Il y a une pulsion destructrice et une jubilation morbide dans la fuite en avant dont les nouveaux géants économiques de ce début de XXIe siècle se veulent les champions. Il se joue désormais un combat de civilisation entre ces destructeurs qui promettent de « nouvelles frontières » infinies, dans l’espace ou dans le métavers ; et celles et ceux qui comprennent que les limites planétaires ne sauraient être ignorées au risque de mettre un terme aux équilibres qui permettent à la vie de s’épanouir à sa surface.

Derrière l’illusion de la modernité et de l’innovation qu’ils revendiquent, c’est bel et bien la perpétuation du vieux fantasme, désormais hypertrophié, de la domination et de la concentration de la puissance financière qui se joue.
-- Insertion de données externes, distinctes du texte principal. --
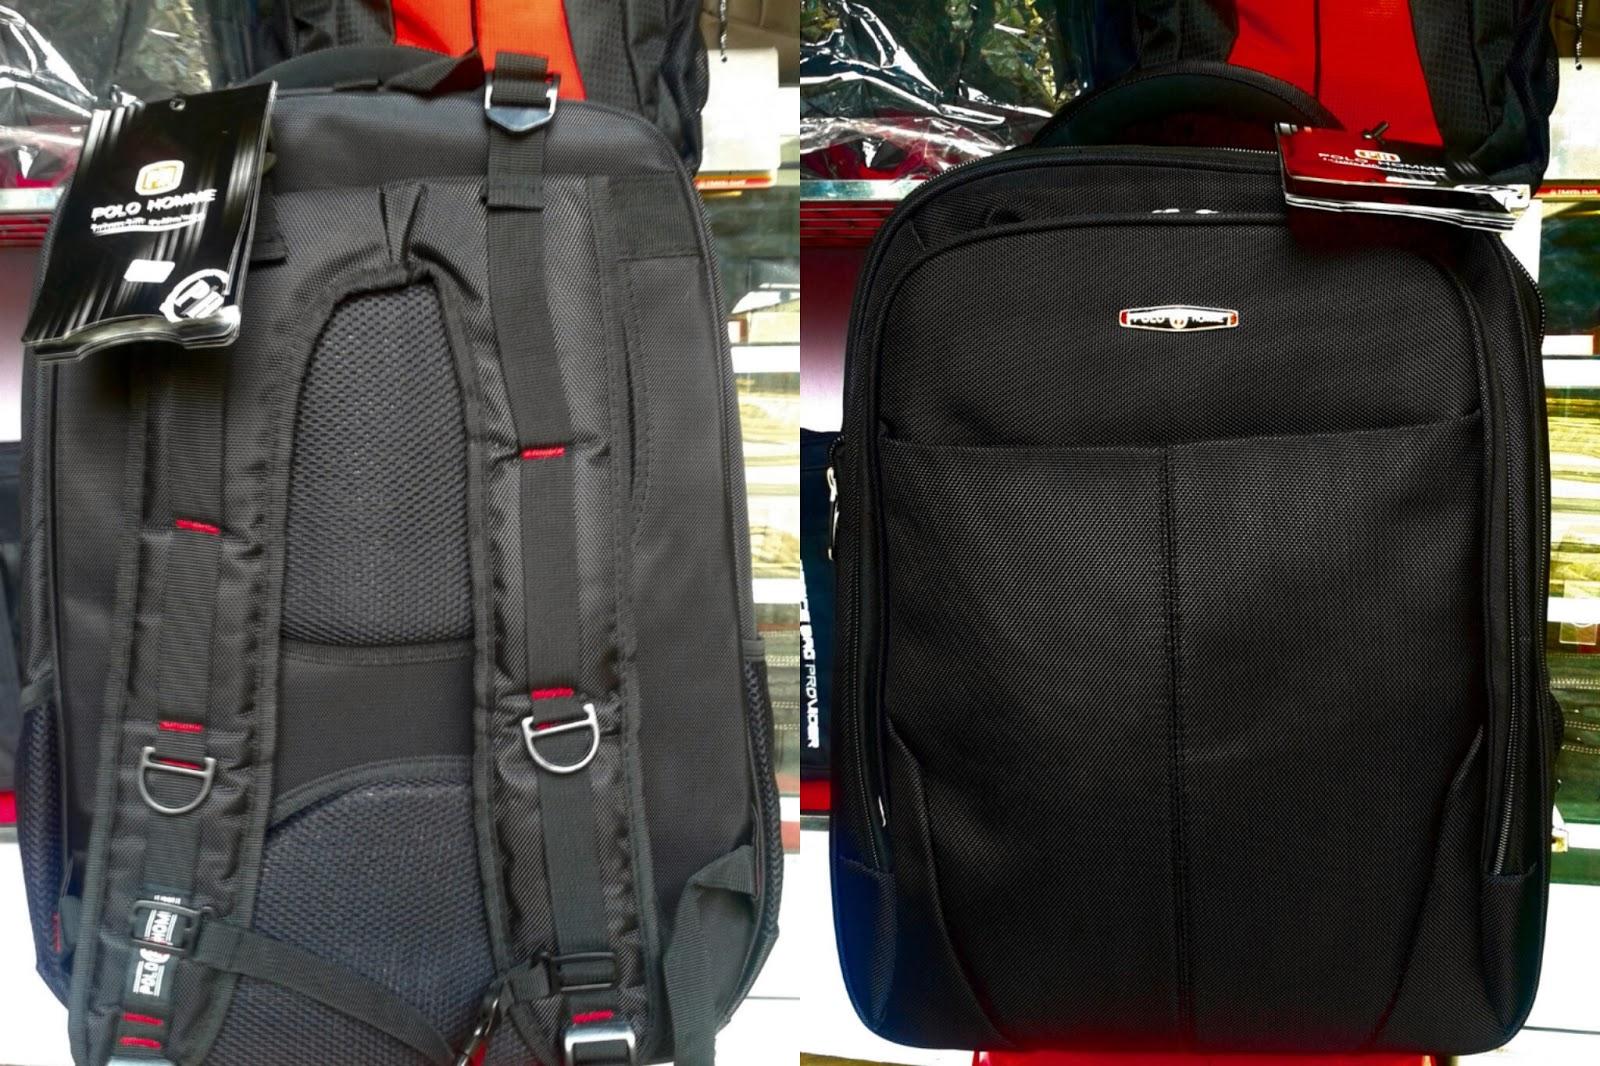 jual tas ransel laptop polo murah grosir tas travel bag anak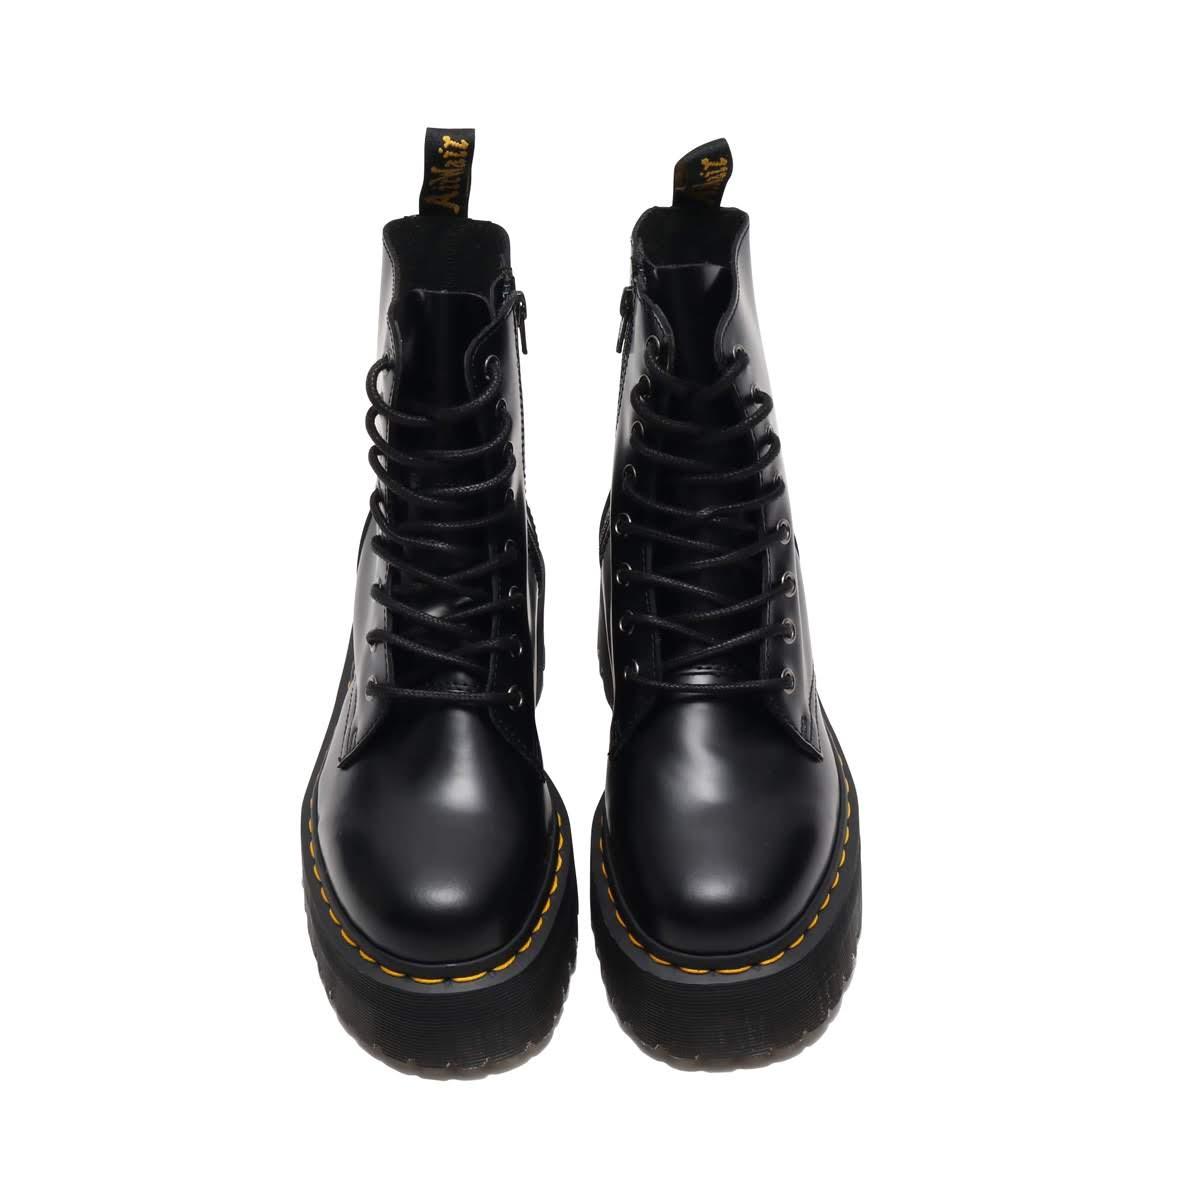 f2d0133e3bbce Dr.Martens QUAD RETRO JADON 8 EYE BOOT (doctor Martin quad nostalgic Jeh  Don 8 eye boots) BLACK 16FW-I

La promesse technologique actuelle non seulement ne remet pas en question la logique des infrastructures qui nous conduisent au chaos, mais elle permet de perfectionner de surcroit, plus que cela n’a jamais été fait le drainage des richesses par une minorité et la concentration du capital au profit de cette même minorité. Dans le même temps, elle attaque dans des proportions inédites depuis l’émergence des démocraties modernes les contre-pouvoirs que représentent les droits sociaux et démocratiques.

J’arrête la. Et je résume.

De quoi Elon Musk est-il le nom ? De la volonté de substituer à la millénaire contemplation des astres la colonisation de l’espace. De la tyrannie de la vitesse et de l’automatisation. De la prétention de l’argent à devenir la loi des lois. De la tentation démiurgique de réinventer l’humanité en la découplant de sa réalité terrestre.

Elon Musk n’est pas seulement l’homme de l’année. Il est le nom de la fin du monde.